Normal Saline shortage

The title begs the question…are there "Abnormal Saline" shortages?

(I resisted for as long as I could)
You darned well know that they keep that stuff in the back for use on people like us... No shortage. Just short, tall, grande, and venti. :rofl:
 
You darned well know that they keep that stuff in the back for use on people like us... No shortage. Just short, tall, grande, and venti. :rofl:

:rofl:​
 
I'm confused. Are you people starting lines that just have primary tubing and a bag attached to them with no lock?

Every IV we start has a lock on it. So if they need to change the bag in the future it's not a circus act of tamponade and removing tagaderms...
 
Saline lock is access catheter, PRN or adapter whatever you call it and a flush. No drip set no bag.
 
I'm confused. Are you people starting lines that just have primary tubing and a bag attached to them with no lock?

Every IV we start has a lock on it. So if they need to change the bag in the future it's not a circus act of tamponade and removing tagaderms...

Not everywhere carries locks. The little rural 911 service I work/Worked (not sure yet) for doesn't. If they want accesss they have to hang a bag.
 
Not everywhere carries locks. The little rural 911 service I work/Worked (not sure yet) for doesn't. If they want accesss they have to hang a bag.


Doesn't see very cost effective.
 
The first private system I worked for didn't carry them. What's even better is if they caught you using one (ED nurses would give them to us to use), we would get written up for it since we didn't have locks in our protocols...
 
Doesn't see very cost effective.

Actually the cost of a liter of saline and a drop set costs less than a lock and a flush or very nearly the same
 
The first private system I worked for didn't carry them. What's even better is if they caught you using one (ED nurses would give them to us to use), we would get written up for it since we didn't have locks in our protocols...

Same at the service I was referring to above
 
We use bags, drip set, then extensions. So that way the bAgs can be changed.
 
Actually the cost of a liter of saline and a drop set costs less than a lock and a flush or very nearly the same


Well that's stupid. Not anymore I bet! ;)
 
Not everywhere carries locks. The little rural 911 service I work/Worked (not sure yet) for doesn't. If they want access they have to hang a bag.
At one service that I used to work for, we had 1000 mL bags and 250 mL bags.

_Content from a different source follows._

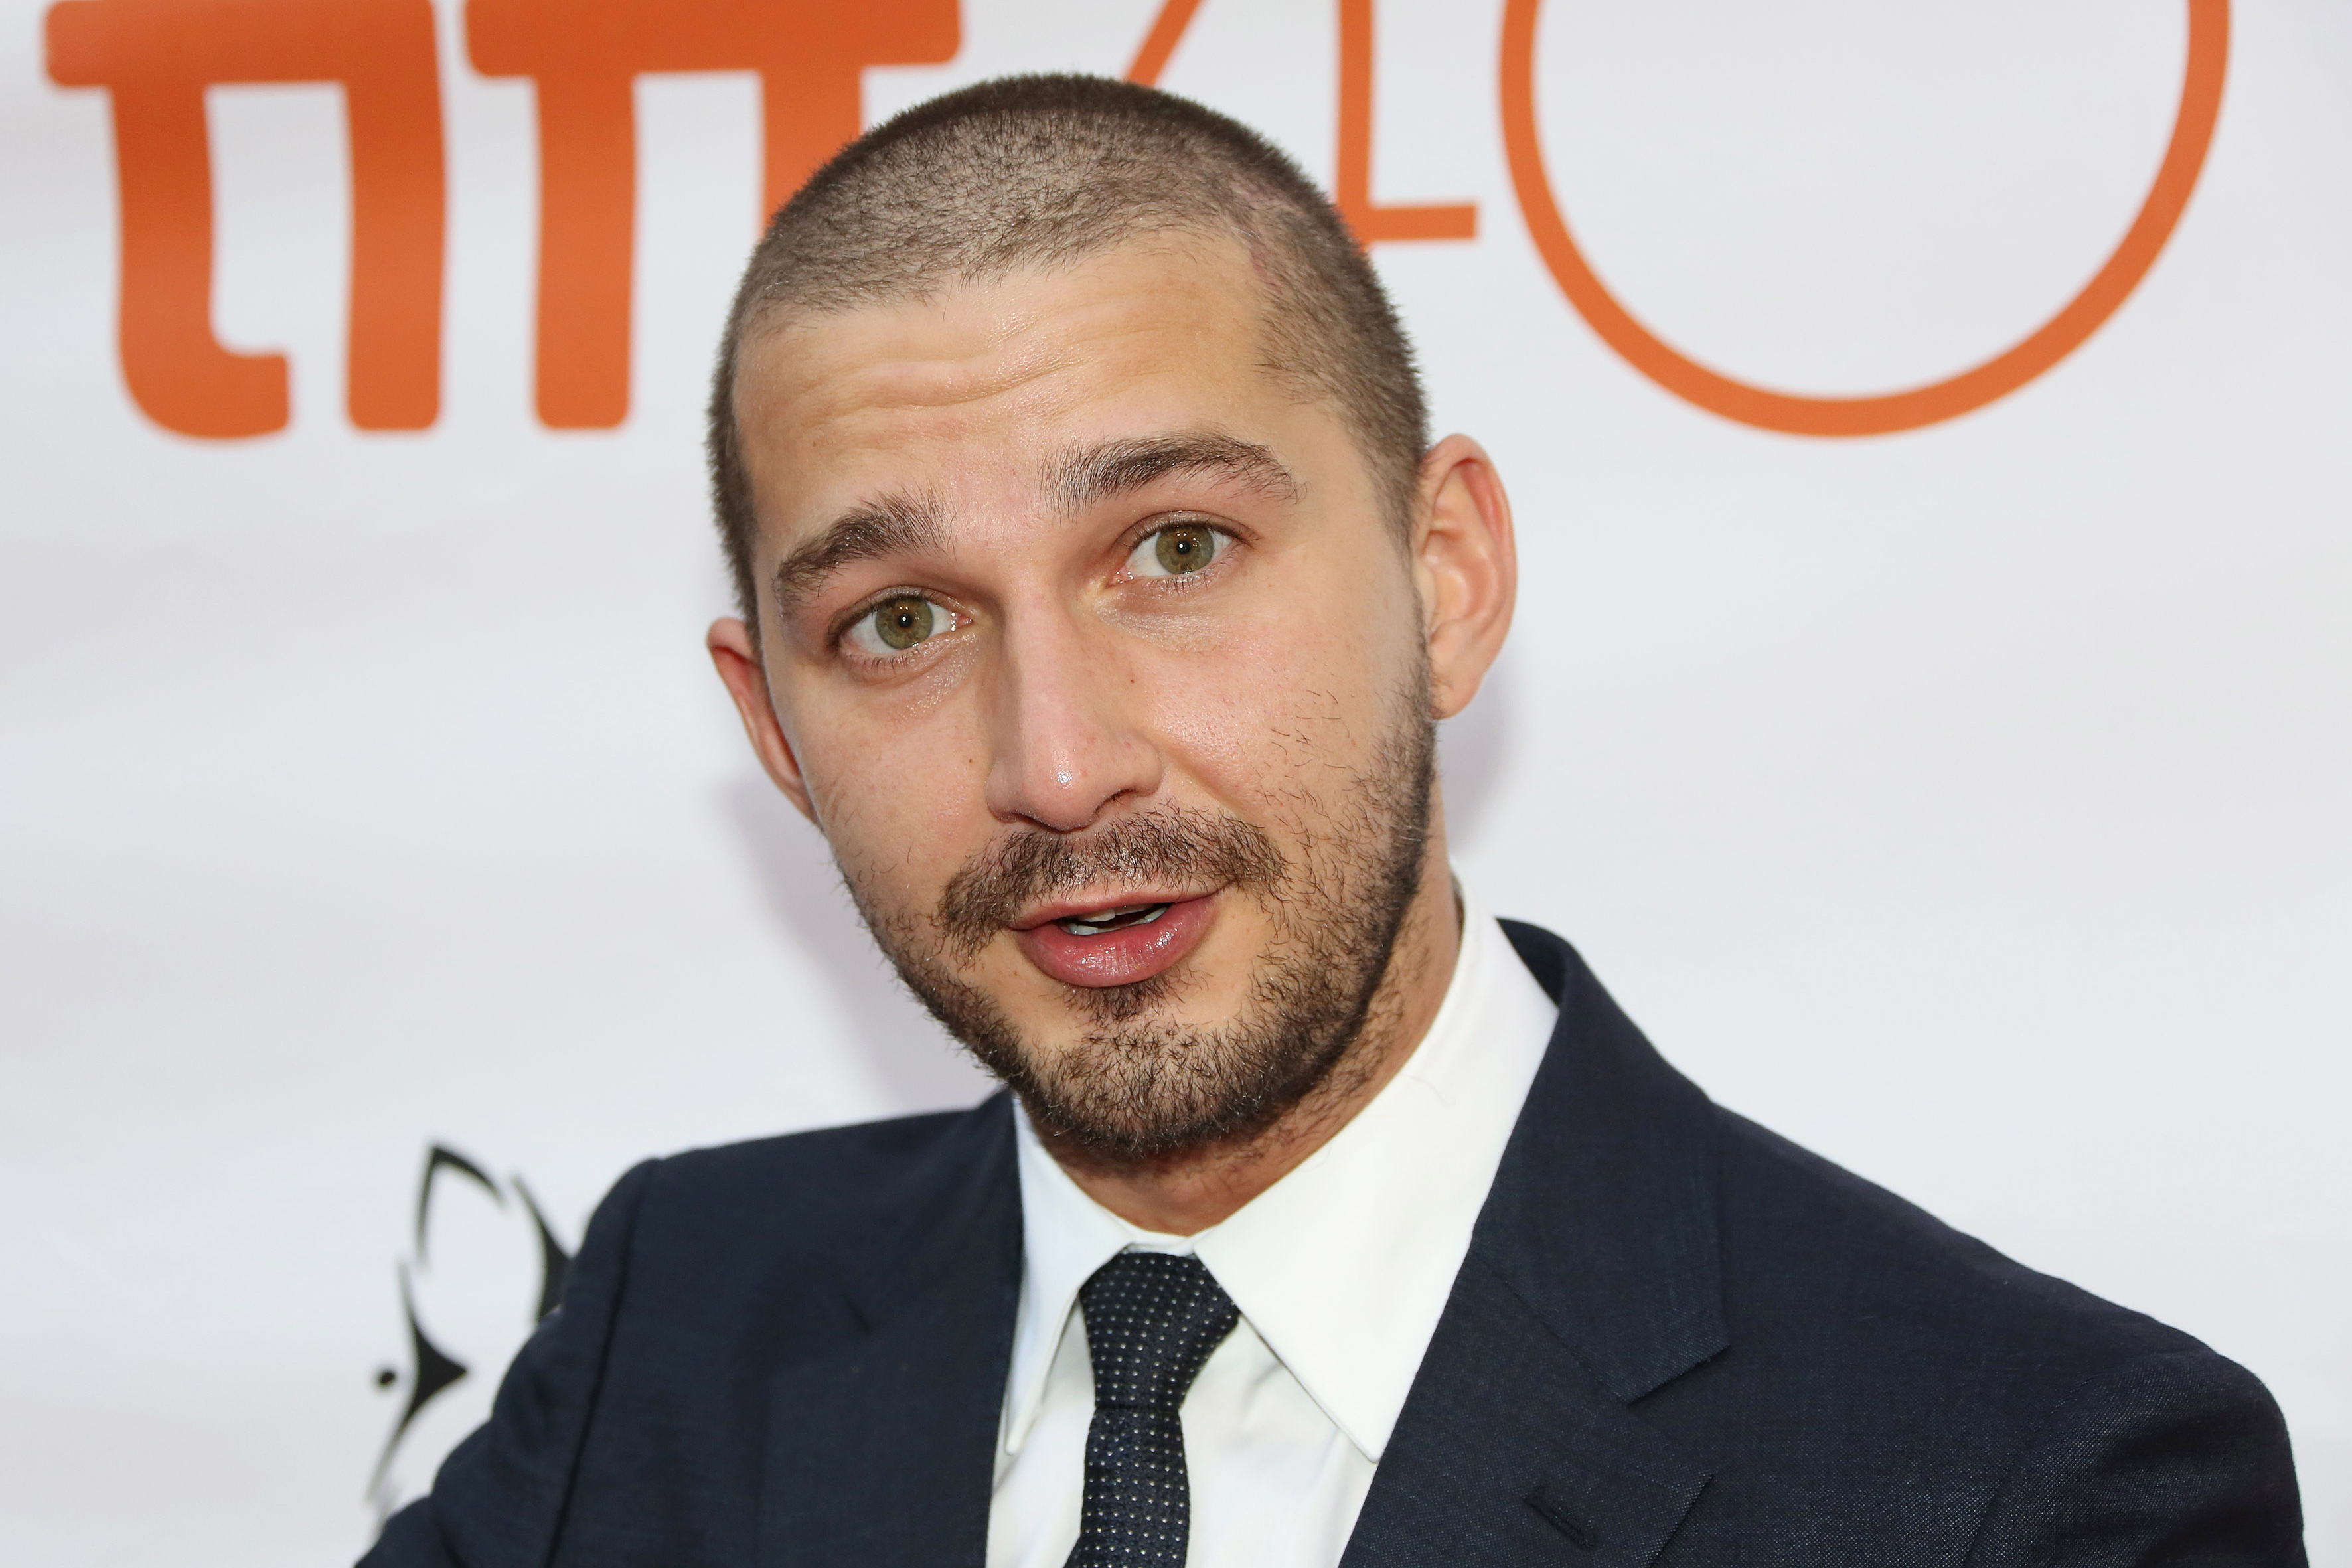 A throwback photo of Shia LaBeouf, seen wearing a black suit and polka dotted tie, paired with a plain white inner T-shirt.

Since we couldn't do locks, but we could hang complete lines, we'd just prime a line with an extension set with a 250 mL bag. The cost was about the same but it visually let the facilities know that we didn't think a line was necessary but vascular access was. That also limited any unintentional fluid bolus to just 250 mL... :unsure:

Most other services I worked with only carried 1000 mL bags. I did find out that I really like Selec-3 type tubing, even though it is more expensive than micro or macro drip tubing, mostly because of the rate control I get with it. I can pour in fluid or drop the flow rate way down to an easy to control 20 mL/hr without using a pump.

In the end though, I would have probably instituted many more locks than running lines over the years, if I'd had the option.
 
We only carry 1000 bags or 100 bags. Carry 10-12 1000 bags then 3 or 4 100 bags. Plus the 2 1000s and 2 100s I have in my first out.

Dope and Lido comes premixed in 250s if I remember correctly...might be 500s. I haven't been on the truck in over 4 months.
 
We have 500, 250, and 100. I wish we had liter bags. Giving 2L boluses is annoying.
 
We have 500, 250, and 100. I wish we had liter bags. Giving 2L boluses is annoying.


I definitely get patients where I wish I had smaller bags. Pedis particularly or little old nana. Just recurs the possibility of accidentally giving a massive bolus. I use a buerotrol (sp?) for any pediatric getting fluids though.
 
The service I work for just got these great drip sets with pre-attached locks. It's the little conveniences you appreciate the most.
 
National Public Radio mentioned this subject this AM.